The process of unlearning the shame in masturbation can be daunting, but the rewards are glamorous.
His apartment was spacious with touches of rustic modern flair that matched his woodsy urban aesthetic. His apartment felt like a cabin in the middle of Brooklyn and I appreciated his attention to detail both in his appearance and home. We had exchanged brief Scruff messages for a few weeks in which I learned about his childhood growing up in upstate New York; the woods used to be his playground. He was handsome, with a full beard, tattooed arms, and had the uncanny ability to make me feel both sexy and mundane simultaneously. This was to be the first red flag in a series of many, but I was intrigued by his sluggish approach to our “relationship”.
I had been living in New York for about 2 years and the exhilaration of moving to a new state was beginning to fade and my dating adventures were becoming tedious. Sex had become a chore and my novice Solosexuality, still in its infant stage, stopped me from procuring the sex I really wanted to have.
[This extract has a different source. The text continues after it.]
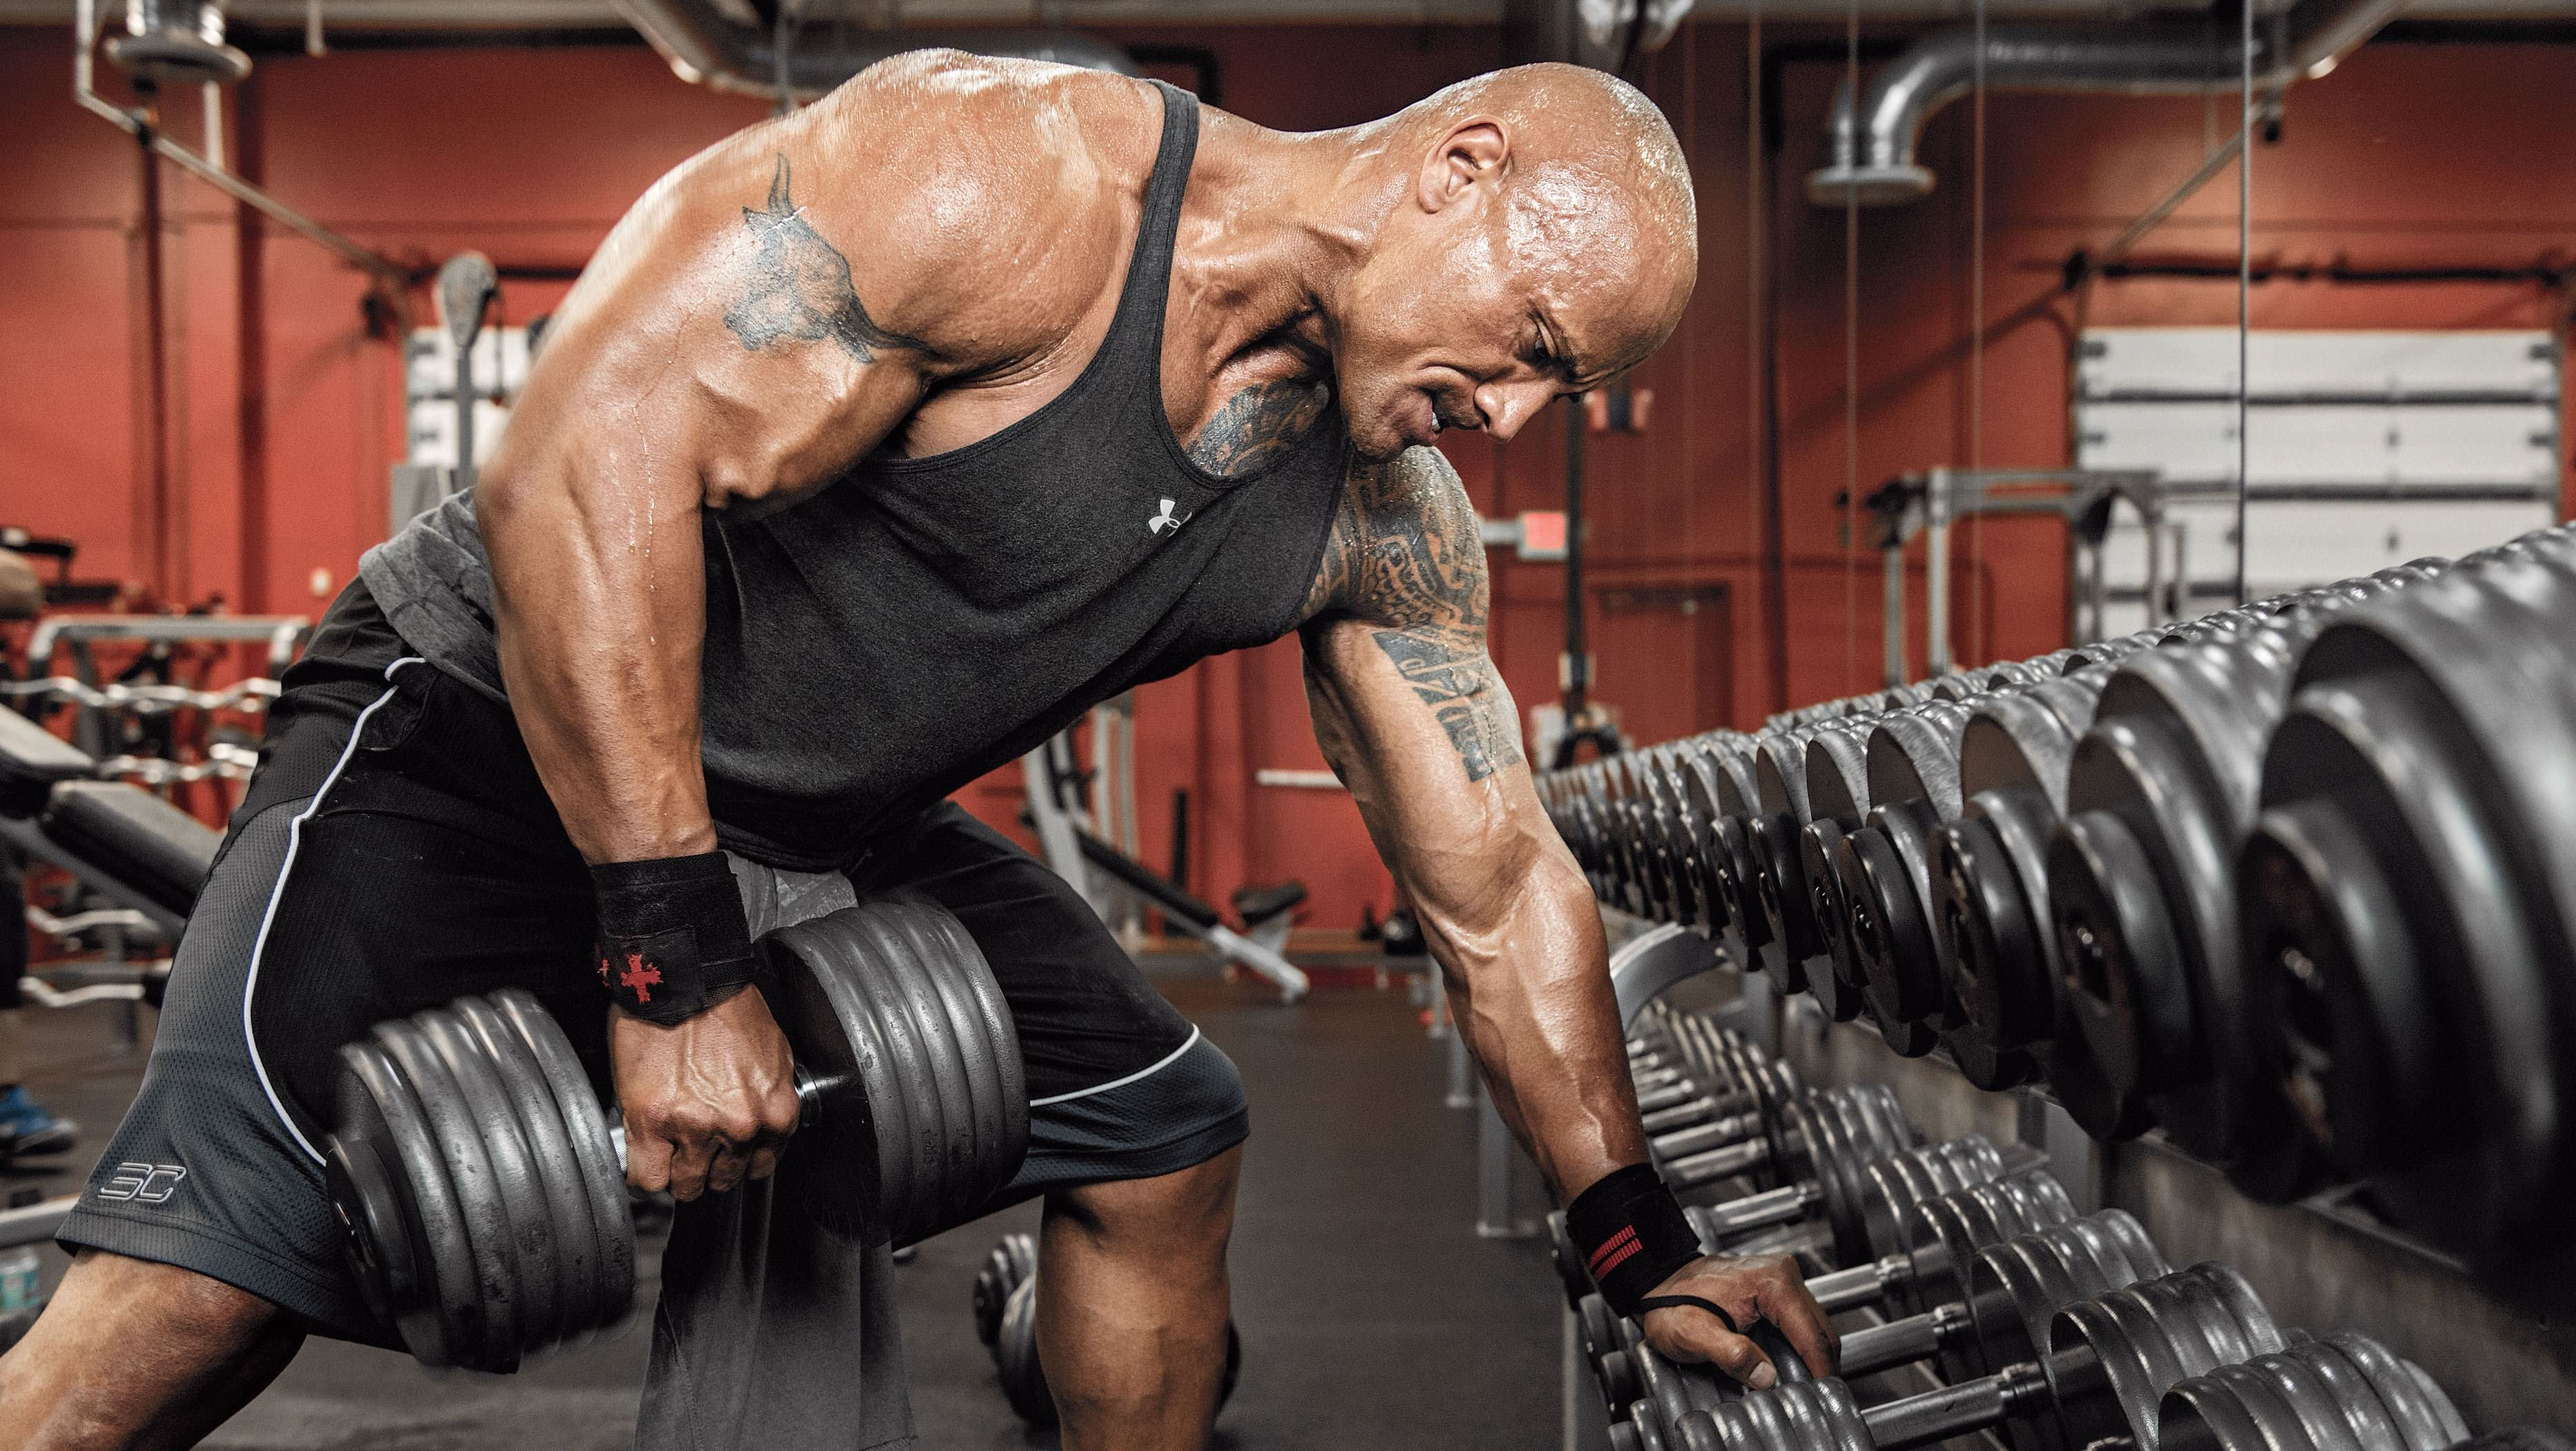 dwayne johnson lifting weights 4k wallpaper 2221

Cabin guy had a knack for testing my intelligence by asking me questions about subjects I did not know about or frankly didn’t give a fuck about. He would go days without sending me a message and then bam! I’d wake up at 3 AM on a Tuesday by his shirtless selfie looking sexy AF on some Coney Island beach. He wanted to be seen and desired and I was hooked.
“HOT! So when exactly are we hooking up?” I’d reply
Sunglasses face emoji would be his answer.
He repeatedly asked me to send pictures of myself which I jubilantly provided in hopes of locking in a date to meet. I would send time-consuming selfies, making myself appear sexy in a way I thought would entice him and as usual, he would take days to reply with lackluster responses like “cute” and “cool” and alas the worst of them all; “thanks.”
I’d all but given up when one late Friday night he invited me over to his place to hang out which I should have said no to but was fully committed to commemorating him on my fuck list and bragging about it to my friends at our next bar adventure. I showed up smelling amazing and was greeted by a weary “hey.” He appeared to be out of sorts somehow, but I didn’t inquire because I was on a mission and frankly didn’t want to be bothered. He offered me a glass of whiskey and made our way to his couch and as he sat on one end, he pointed for me to sit on the opposite end; “this is gonna be rough” I thought and I was not wrong.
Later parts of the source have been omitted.